Surgeons perform laparoscopic surgery by inserting a small camera into the abdomen and watching their instruments' movements through a live video. While referring to the video, surgeons cannot touch the display or a mouse, because their hands need to remain sterile. Instead, they must use verbal descriptions to communicate with others during the surgery. Trainees must pay close attention to verbal instructions, and figure out how to turn those verbal cues into action, without relying on any gestural interactions between the surgeon and the screen.
Researchers sought to develop a more effective way of training surgeons in laparoscopic techniques by using a technology called the Virtual Pointer, developed by Helena Mentis, associate dean for academic programs and learning, and associate professor of information systems at UMBC.
"This technology allows the surgical trainer to point at the live video and draw on it without touching it, so they can instruct the surgical trainee on how to perform the procedures," says Andrea Kleinsmith, assistant professor of information systems at UMBC. Kleinsmith led the effort to measure and understand the technology's impact on the trainee's cognitive load.
Instead of relying solely on verbal instructions, through the Virtual Pointer the trainees could better visualize what to do next. Kleinsmith and Mentis sought to test whether this method impacted cognitive load, the amount of mental effort necessary to carry out the task. If the method significantly increased cognitive load, this would not have been a useful training tool during surgical procedures.
Importantly, the Virtual Pointer incorporates both visual and verbal information. The trainer still provides verbal instruction, but they can also give visual cues at the same time. In the long term, researchers predicted that using both visual and verbal information processing would lessen cognitive load on trainees. However, they also predicted that cognitive load would increase initially, due to the effort needed to get accustomed to the new technology.

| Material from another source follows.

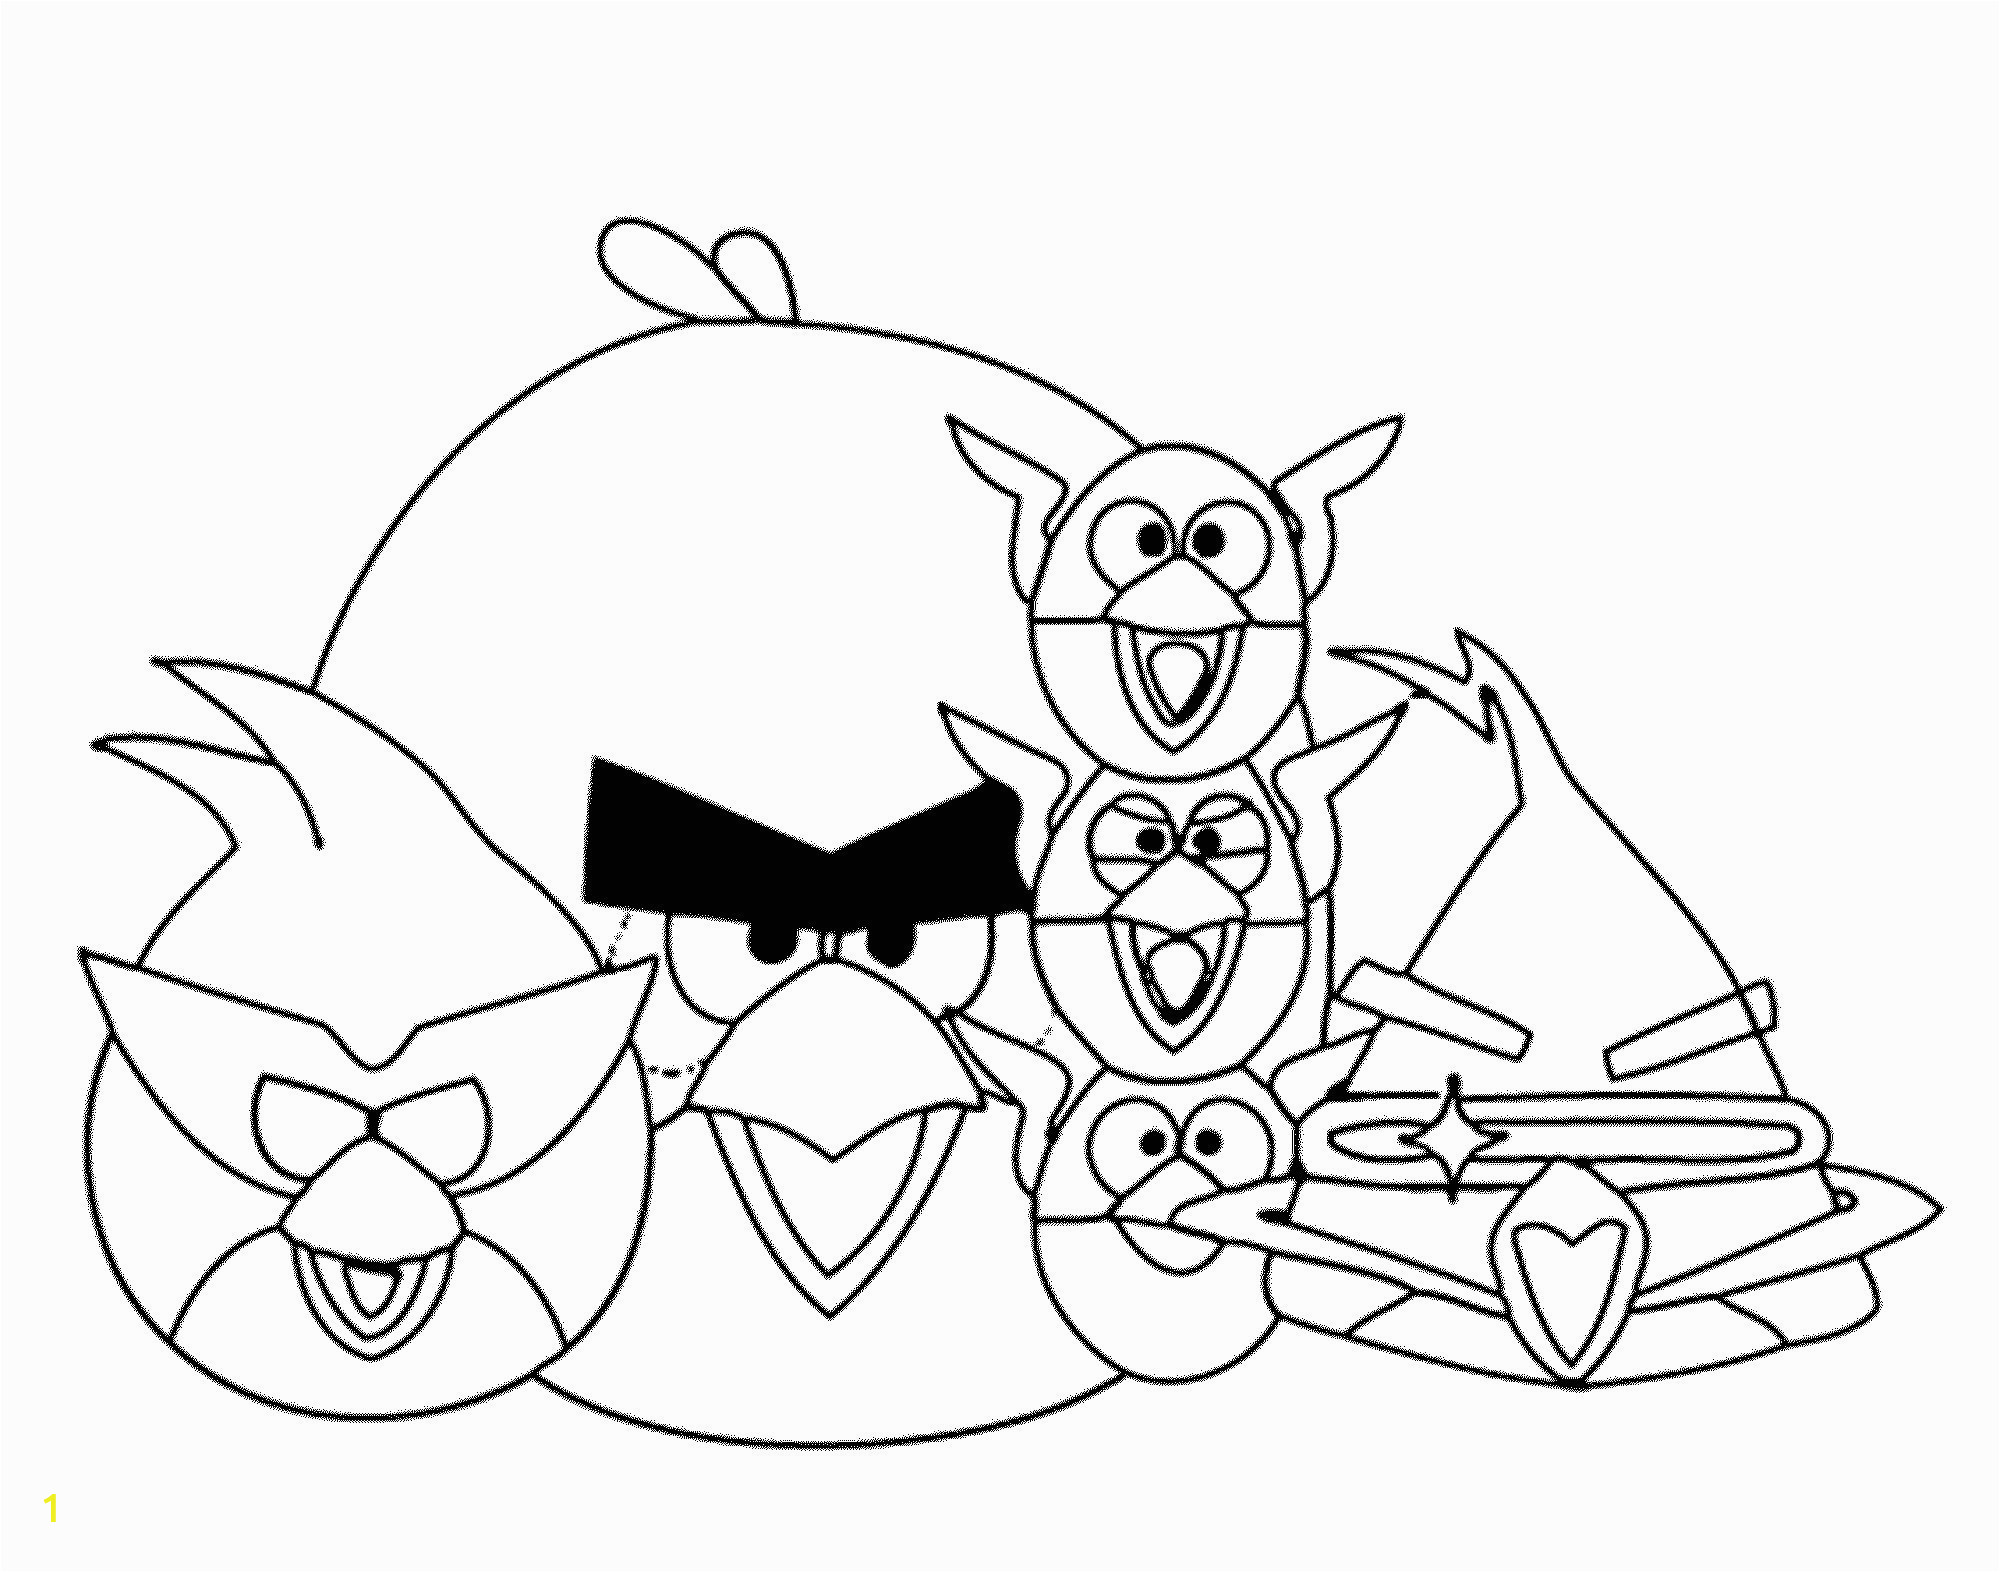 angry birds star wars coloring pages

To determine the cognitive load of the surgical trainees, the researchers measured their physiological responses connected to levels of arousal. "In particular, we are interested in the electrodermal activity, which, [very simply] equates to the amount of sweat on the skin. It has been linked to cognitive load," Kleinsmith explains. They measured that electrodermal activity using wristbands worn by the trainees during training. They found that their cognitive load did not increase with the first use of the Virtual Pointer—instead, it stayed the same.

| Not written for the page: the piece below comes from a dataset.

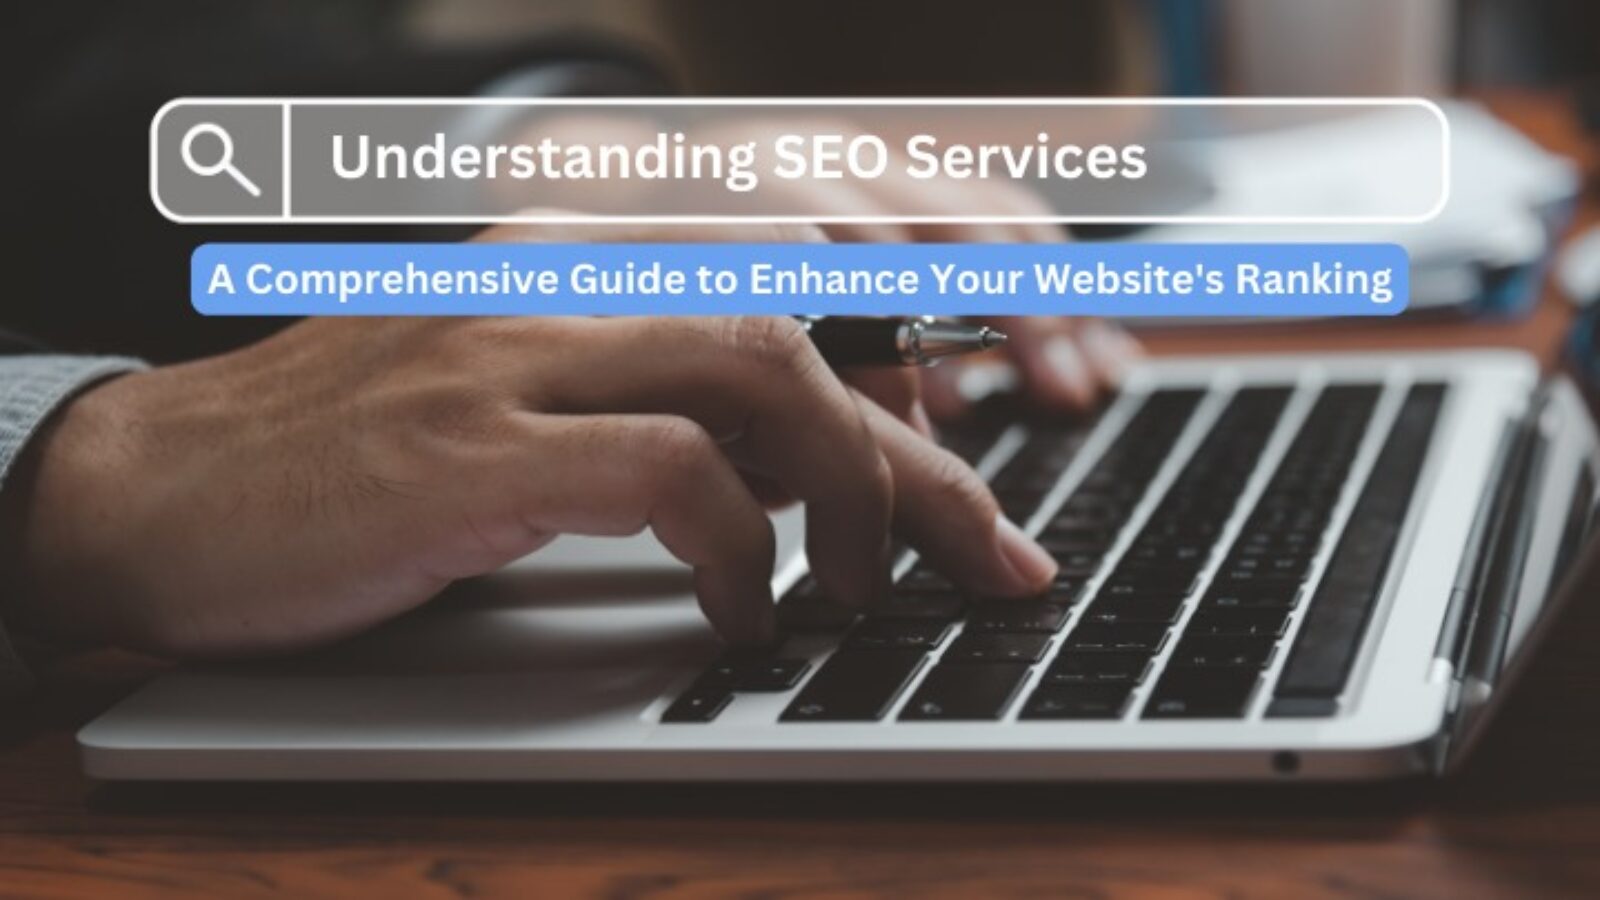 SEO Services Guide: Enhance Website Ranking

The Virtual Pointer also had a positive impact on the communication between trainer and trainee. Without the Virtual Pointer System, the trainees stopped the training to process their instructions more frequently. With the system, they were better able to continue performing the training while processing new information.
"We found that, when using the system, not only did their cognitive load not increase, but they were actually able to perform more tasks than in the standard training," Kleinsmith explains.
Testing this tool required a partnership between researchers in two very different fields, with Mentis developing the technology and Kleinsmith measuring the viability of that technology in a real-world training setting. Their findings indicate that there is hope for more efficient training for surgeons through a tool that does not increase mental effort in the training experience. More research is needed on the impact of the Virtual Pointer System on cognitive load in active operating room settings.